I have a new op-ed in the Sacramento Bee arguing against the Common Core Standards Initiative, which sounds like a great idea until you realize that President Obama wants to use it as leverage to further centralize education policy.
Here's the gist:
The standards are billed as “voluntary,” but that’s a joke. The Obama administration has already announced plans to make $14 billion in federal Title I funds and another $15 billion in future Race to the Top grants contingent on states adopting the national standards. In short, the standards would be as “voluntary” reporting personal income to the IRS, regulating the drinking age, or maintaining the speed limit. Just try to opt out and see what happens.
The standards are also supposed to be “flexible,” but it’s difficult to see how. The draft reading and math requirements include detailed, year-by-year prescriptions for every child, regardless of ability. A student who struggles with reading, writing, or arithmetic would have an even tougher time keeping up, as teachers would face mounting pressure to cover all the material in federally sanctioned lesson plans.
Of course, that assumes the final standards won’t be homogenized and dumbed down to the point they would be considered “high standards” in name only. Judging by history, that’s probably a bad assumption.
One thing’s for sure: transforming common core standards into a common curriculum would turn an already contentious policy issue into a brawl as bruising and divisive as the fight over health care reform. Where health care is about our bodies, education is about our children’s minds.
Obviously, you should read the whole thing. (Try not to be scared off by the mugshot.)
And while you're at it, check out the new School Reform News Web site at the Heartland Institute. In the coming weeks, we'll be introducing daily content, and weekly interactive and multimedia features, including polls, videos and podcasts.
Update: Cato's Neal McCluskey writes at NRO:
All kids are different. They mature at different rates, have different interests, and face different obstacles. In light of this, it simply makes no sense to try to force them all to learn the same thing at the same pace. It’s something that most conservatives — who recognize the primacy of the individual — fully understand, yet Finn asserts that it’s liberals who oppose a single standard for all.
If that’s so, then why aren’t more liberals supporting widespread school choice — the key to ending special-interest control of education and enabling unique kids to find schools specializing in their needs — the way conservatives are? Oh, right: Because it’s typically liberals who love big, one-size-fits-all government solutions to problems fundamentally rooted in a lack of freedom.
The CCSSI standards might look great on paper. But federally extorted standardization? That’s something conservatives should never embrace.
McCluskey (whose review of Diane Ravitch's new book in School Reform News is a must-read) wrote a recent study assessing the case for national standards.
Meantime, Julie Ponzi at No Left Turns picks up a thread that I think deserves elaboration in a separate piece:
A perceived problem for those advocating on behalf of keeping standards at the state level has been the rancorous and, in many ways, ridiculous fight over history standards in Texas that has produced, in the words of Boychuk, "a politically correct mishmash." Any objective observer of the outcome in Texas would have to concede that their "solution" has been less than wonderful.
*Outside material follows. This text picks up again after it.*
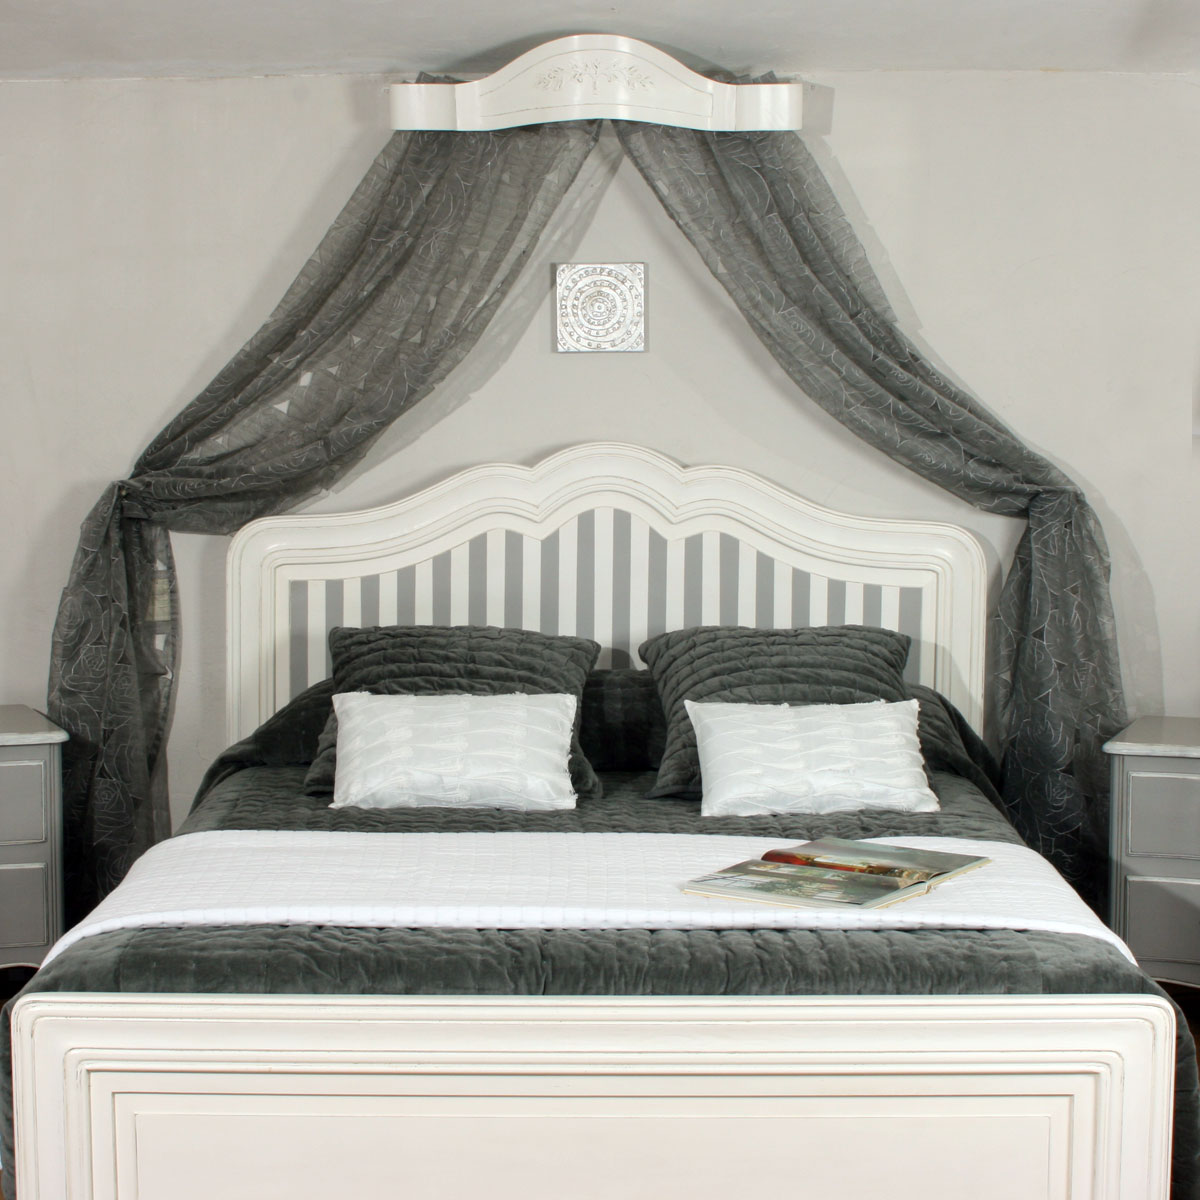 lit galb ref t154 l 39 atelier du moulin de provence. Black Bedroom Furniture Sets. Home Design Ideas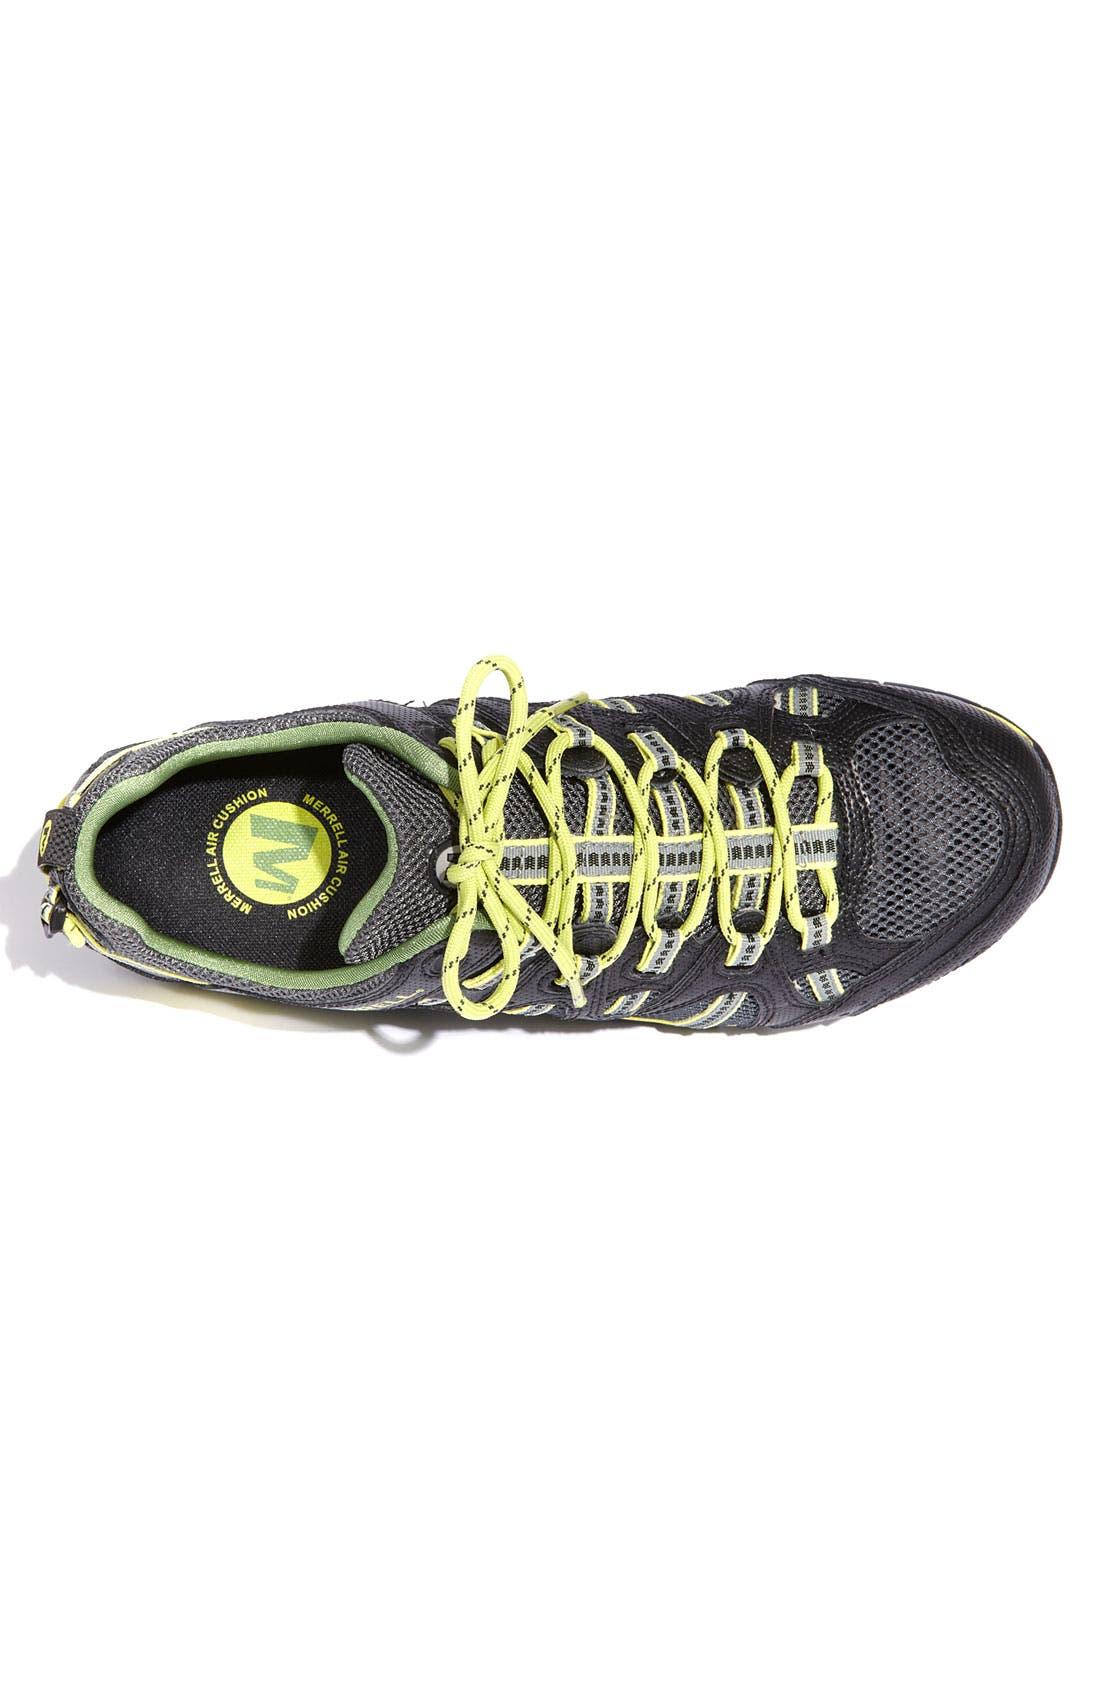 Alternate Image 3  - Merrell 'Waterpro Manistee' Trail Shoe (Men)

As Ben says in the comment section under his piece, "including the Declaration of Independence in the social studies standards while excluding Thomas Jefferson is... confusing." It is also stupid and deserving of all the mockery and derision it is getting--however wrong-headed and mean-spirited some of it may be. (One way to avoid being called a fool is to avoid doing foolish things!) But this result is in no way--as left-wing critics eager to score points against the "rubes" in red states might hope--an argument in favor of national standards. It is an argument AGAINST them. Why would we want to nationalize that fiasco of a fight in Texas? For that is exactly what would happen.
More on the Texas textbook controversy soon.
Bill Kristol at The Weekly Standard is convinced House Speaker Nancy Pelosi is going to resort to the "Slaughter Solution," which we've had quite the discussion about over on this thread. Rep. Thaddeus McCotter, the smart and funny Republican from Michigan, dubbed this end-run around the Constitution the "Slaughter House Rules." I like that moniker.
Anyway, Kristol outlines several quotes from House Democratic leaders reflecting their current talking points about how the American people don't care about "process," and how all of this drama is about "inside baseball" that — in the words of House Majority Leader Steny Hoyer (D-MD) — is only interesting to Inside-the-Beltway reporters. Kristol didn't take the time to mention what I think is one of the best dismissive and contemptuous quotes from the mouth of Pelosi. About the shenanigans going on, the Speaker said today of the Slaughter House Rules:
It's more insider-and process-oriented than most people want to know. But I like it because people don't have to vote on the Senate bill.
Yes. That's nice. The people's representatives not actually voting on a bill that will fundamentally transform Americans' relationship to their doctors, and their relationship with the government, is peachy in Pelosi's eyes. I think the Hosue Democrats, or at least their leadership, are delusional. And I think this stuff does matter to "ordinary" Americans, whom the Democrats apparently think are too stupid to understand that a fundamental trust in a consensual government is being violated here. Kristol agrees.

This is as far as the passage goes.